MATERIAL SHOWN =
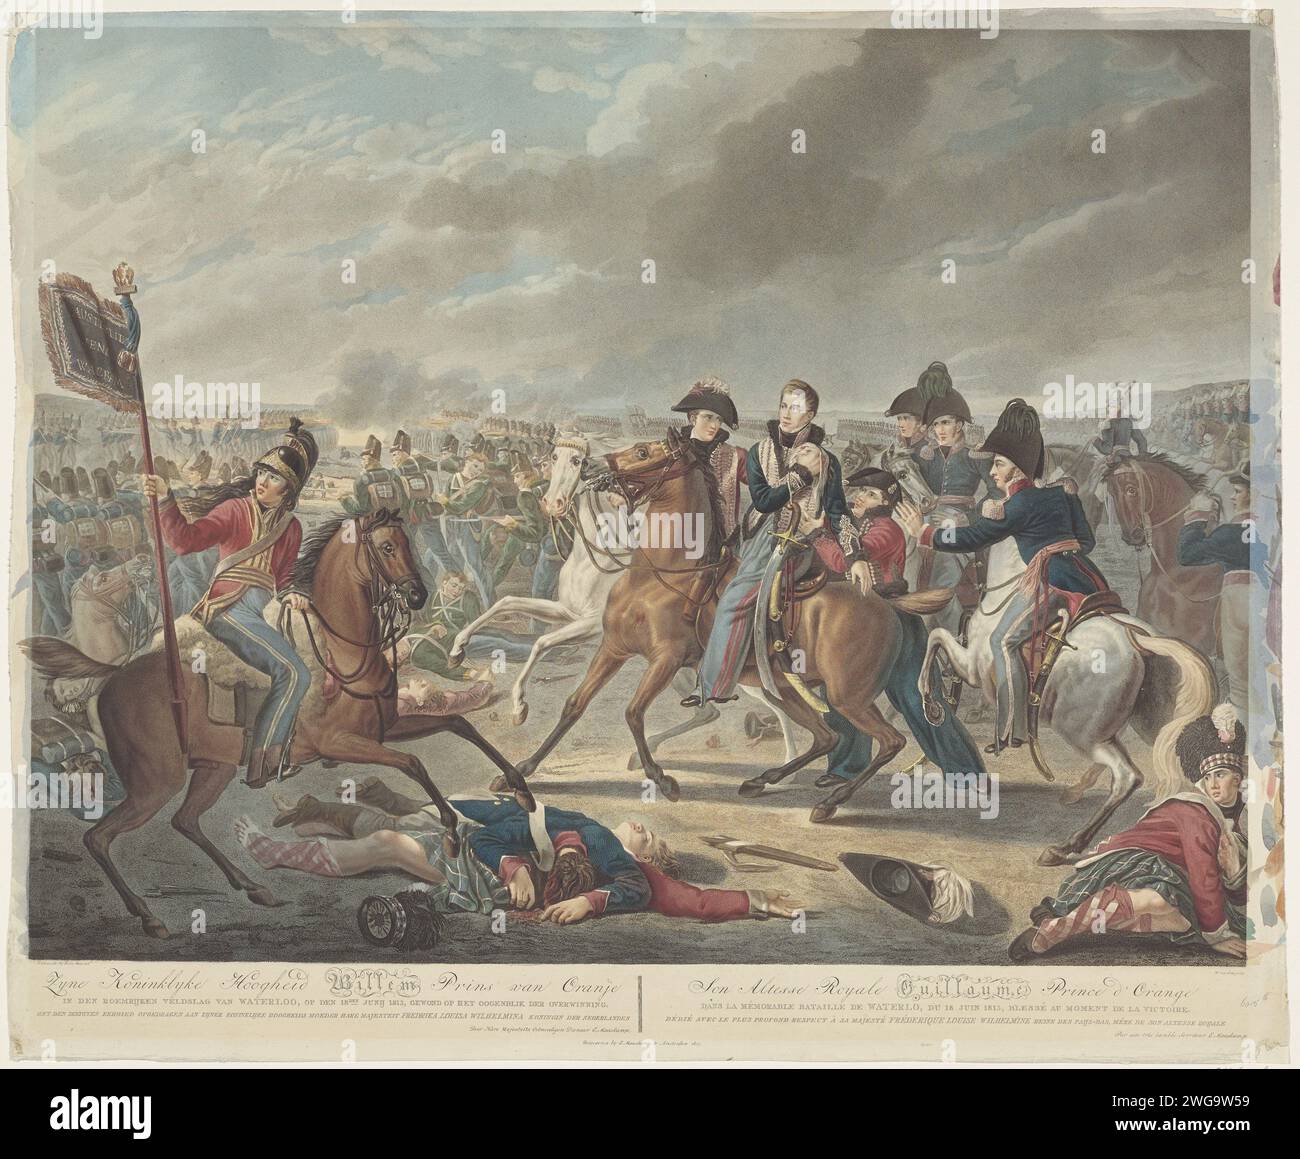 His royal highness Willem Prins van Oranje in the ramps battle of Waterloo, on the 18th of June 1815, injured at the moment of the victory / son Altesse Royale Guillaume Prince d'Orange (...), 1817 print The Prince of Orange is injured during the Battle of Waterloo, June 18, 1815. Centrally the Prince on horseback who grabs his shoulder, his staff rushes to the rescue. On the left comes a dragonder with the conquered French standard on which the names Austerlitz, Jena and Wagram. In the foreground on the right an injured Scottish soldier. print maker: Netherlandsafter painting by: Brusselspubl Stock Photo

* * *

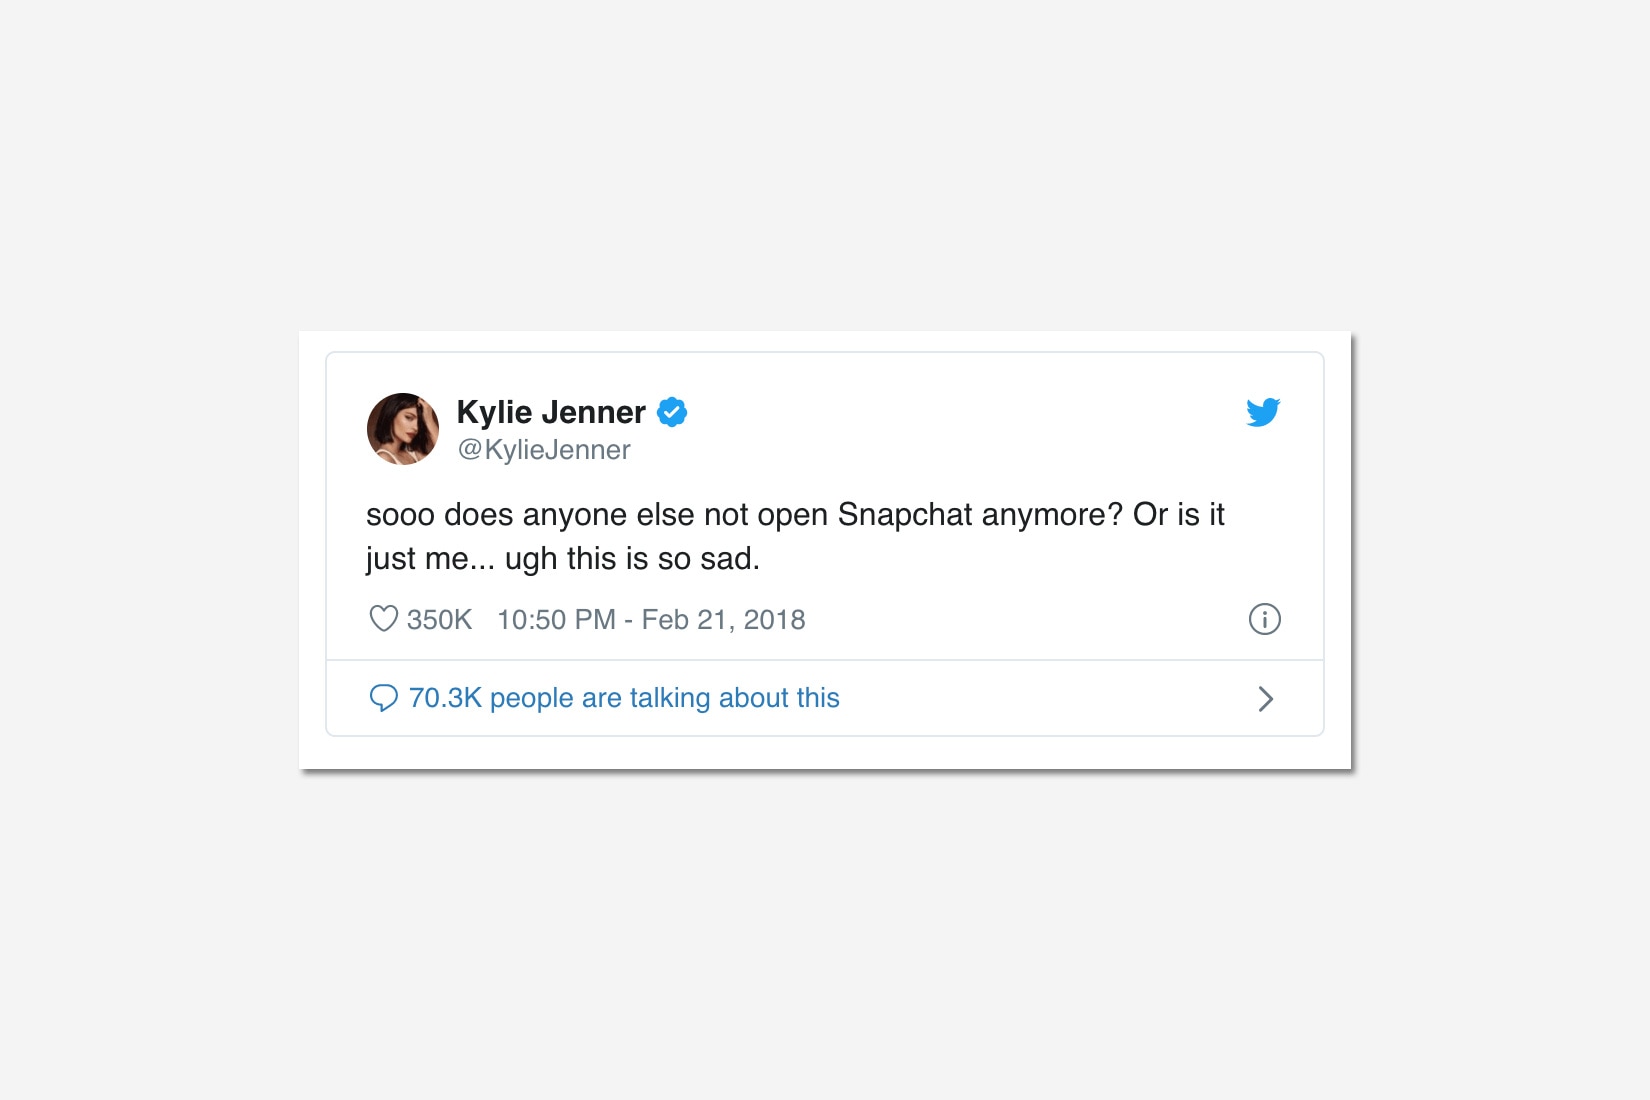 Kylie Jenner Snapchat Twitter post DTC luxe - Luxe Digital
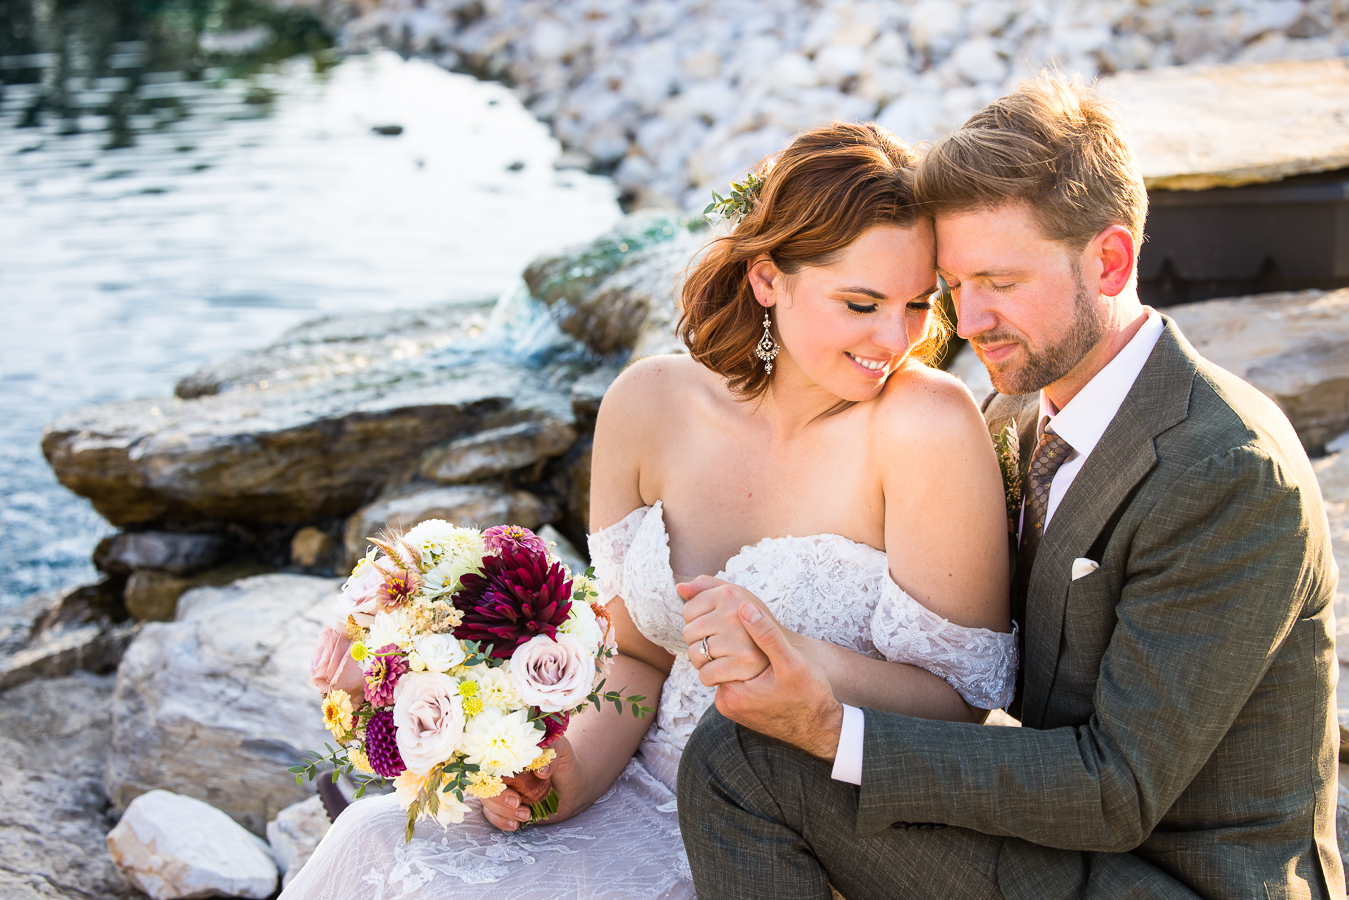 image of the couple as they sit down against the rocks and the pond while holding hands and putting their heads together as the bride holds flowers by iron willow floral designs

BRIEF =
Using the entries above, extract exactly the lines from the one that contains "Kylie Jenner Snapchat" through the one that contains "image of the". Do not carry over any pictures.

RESULT FOR THIS TASK =
 Kylie Jenner Snapchat Twitter post DTC luxe - Luxe Digital
 image of the couple as they sit down against the rocks and the pond while holding hands and putting their heads together as the bride holds flowers by iron willow floral designs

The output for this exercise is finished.